We often feel that we could make better places for people if they understood
the real values that the design professions can offer, that their understanding
those values would lead to their holding them. These values include, in
part, public/private spatial relationships which enrich both public and
private life and the connections between them, design which encourages
delight in the environmental systems which we inhabit, and an understanding
of the physical and moral implications of material choices with their
global impact. These are the issues that we so readily take up in design
education, that most often underlie our criticisms of the common methods
of spatial production, and that we hold up as the highest of goals to
which we aspire.
Yet, if one looks at what is demanded of an intern through the IDP process,
one has to ask if these are priorities that the profession holds in its
forms of practice.

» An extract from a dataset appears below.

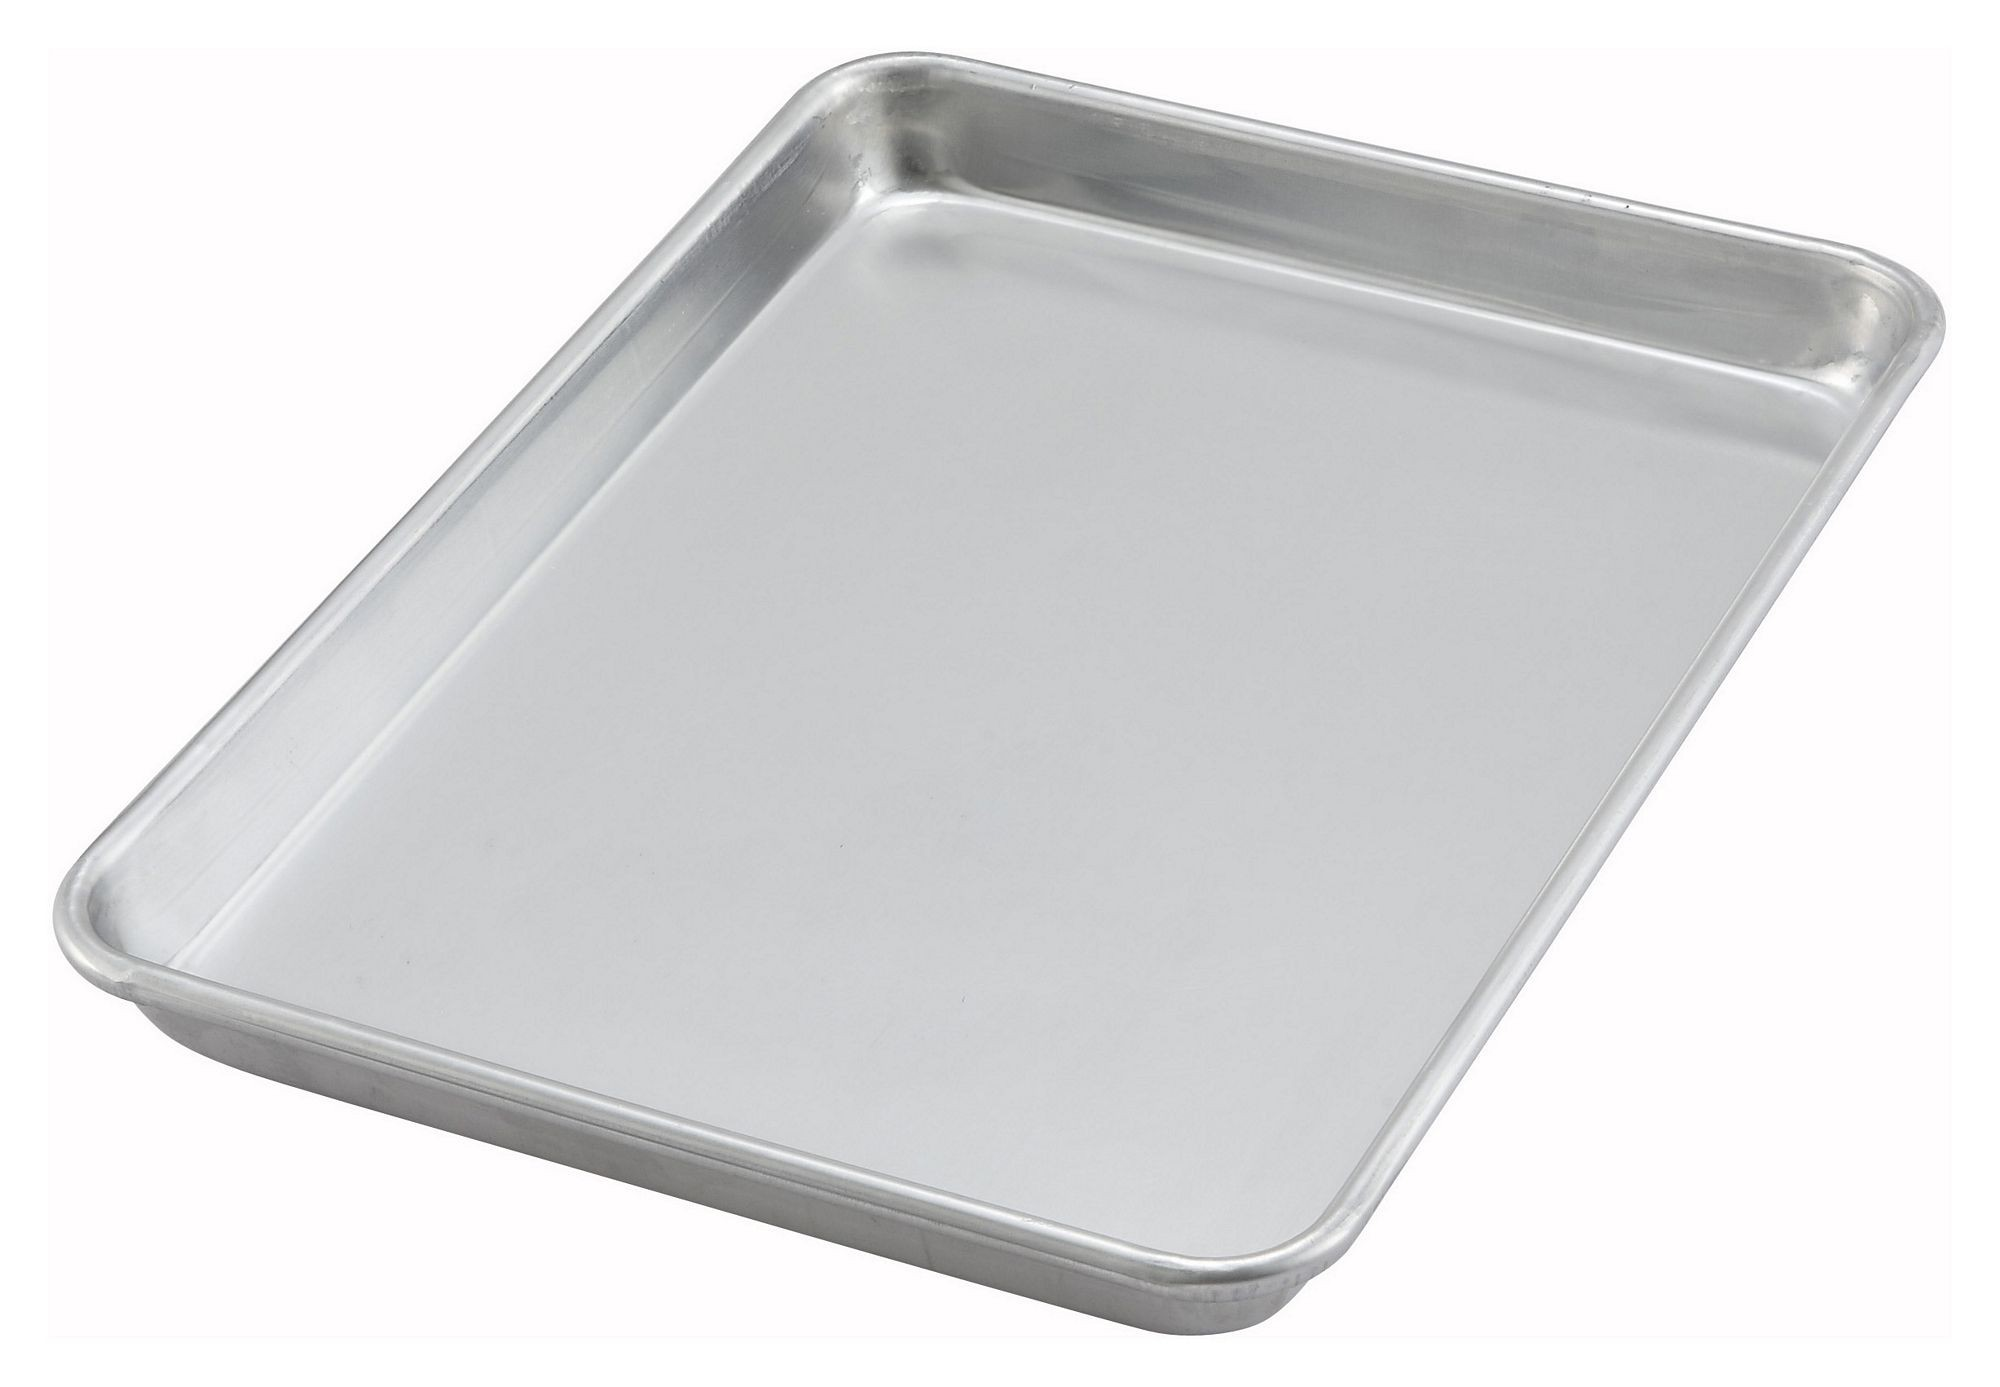 "Winco ALXP-1013 Qt.er-Size Aluminum Sheet Pan, 9-1/2"" x 13"""

The preceding charts illustrate this question better
than it can be described in words. Were one a philosopher king and looking
for a profession to guide the production of social space toward the goals
mentioned above, would one choose a profession that required for entry
the completion of the pie charts on the previous sheet? I think not.
This is not to say that professional competence should not be a part of
internship, but should we not also expect a level of social engagement
more significant than ten days spread out over three years? If, as a profession,
we would engage in the production of space at a social level, must we
not also as a profession engage society in a more meaningful way in our
modes of training? Would it not be more meaningful to require every intern
to complete a community enhancement project? And would it not be appropriate
that this be done partly on company time if, after
all, the design professions are social arts as our criticisms of current
modes of
social spatial practice imply?
The current IDP system inflects the careers of interns toward either serving
the forces against which we commonly argue primarily consumption
and display or attempting to compete with them on their own terms.
What is here proposed is that, as a profession, we compete more openly
with the forces which are currently controlling the production of space
in our society and challenge the assumptions on which those social forces
rest. To achieve this, we must, in part, engage in the preparation of
individuals for roles of responsibility in architecture as a social practice.